▶ _Task directions_: Once you reach the line containing "Pet Album with Natural Linen Cover" in the entries below, write out that line and each one after it down to the line containing "FIGURE 2 NEW", exactly and with nothing added.

▶ _Data provided_:
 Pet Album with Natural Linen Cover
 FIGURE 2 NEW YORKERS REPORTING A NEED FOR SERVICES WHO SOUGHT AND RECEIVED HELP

---

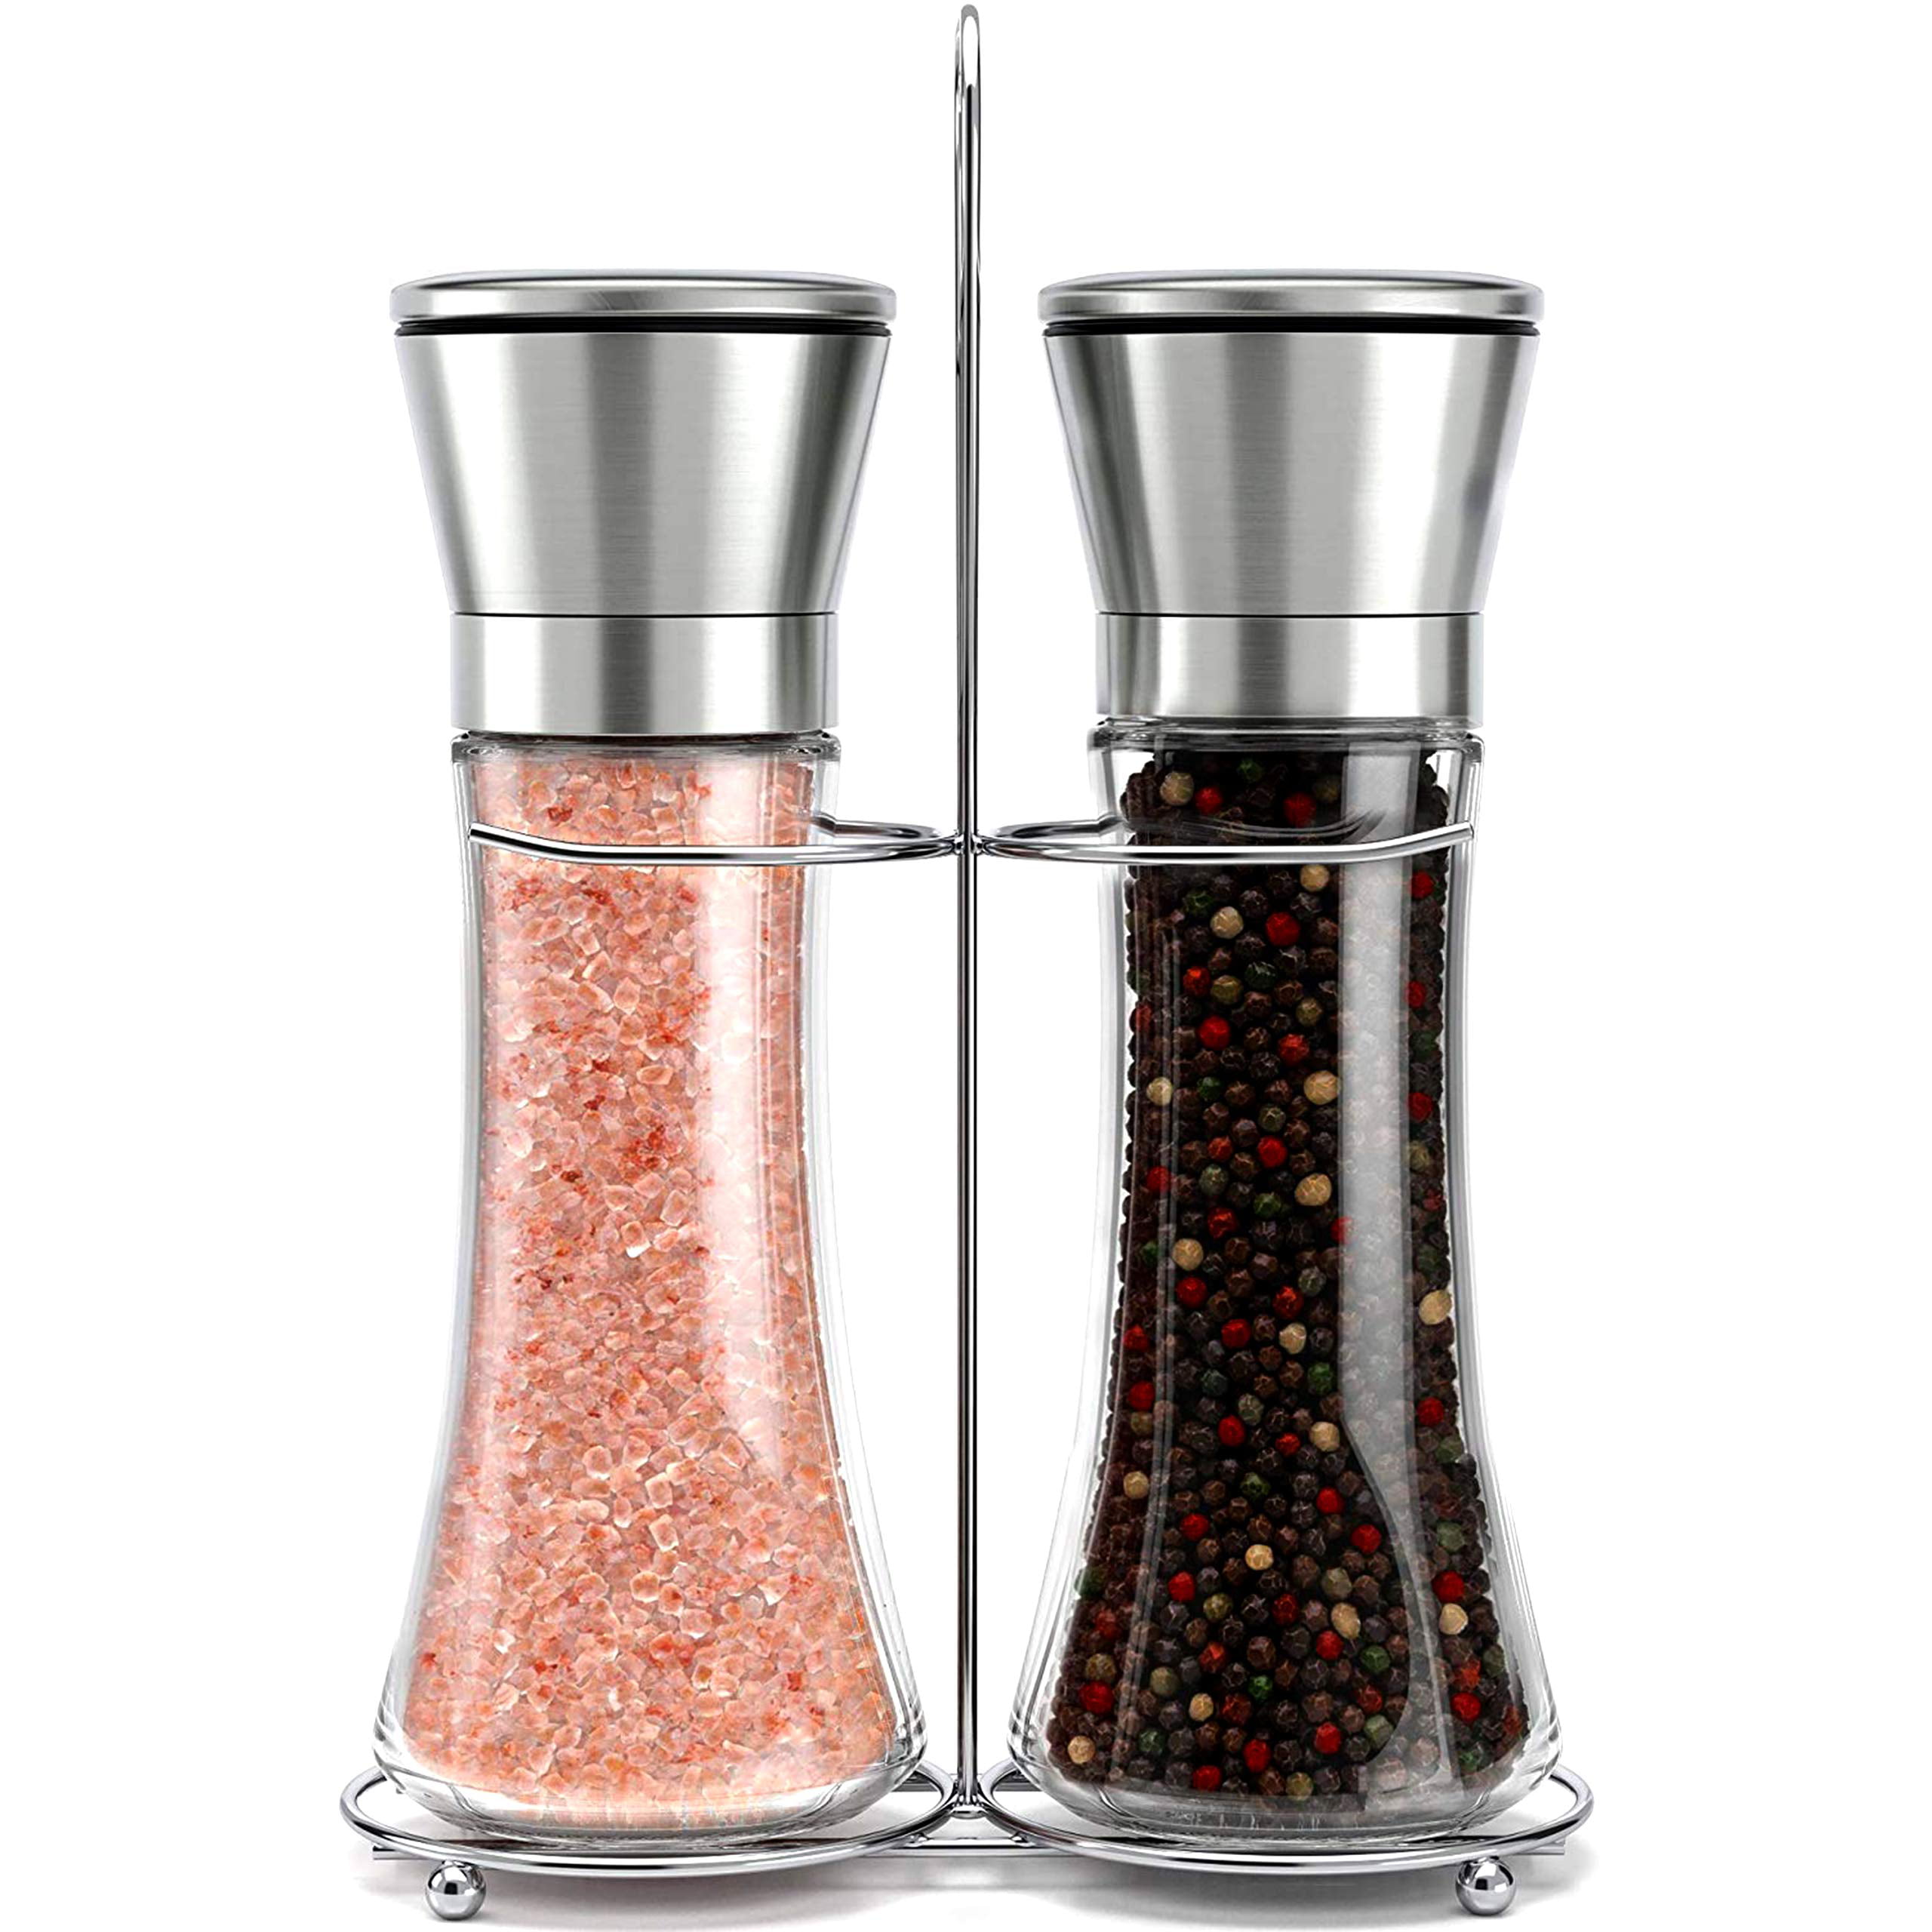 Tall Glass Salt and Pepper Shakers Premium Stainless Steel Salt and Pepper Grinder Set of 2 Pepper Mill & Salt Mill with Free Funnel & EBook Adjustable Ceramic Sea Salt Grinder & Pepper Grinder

▶ _Solution for this task_:
 Pet Album with Natural Linen Cover
 FIGURE 2 NEW YORKERS REPORTING A NEED FOR SERVICES WHO SOUGHT AND RECEIVED HELP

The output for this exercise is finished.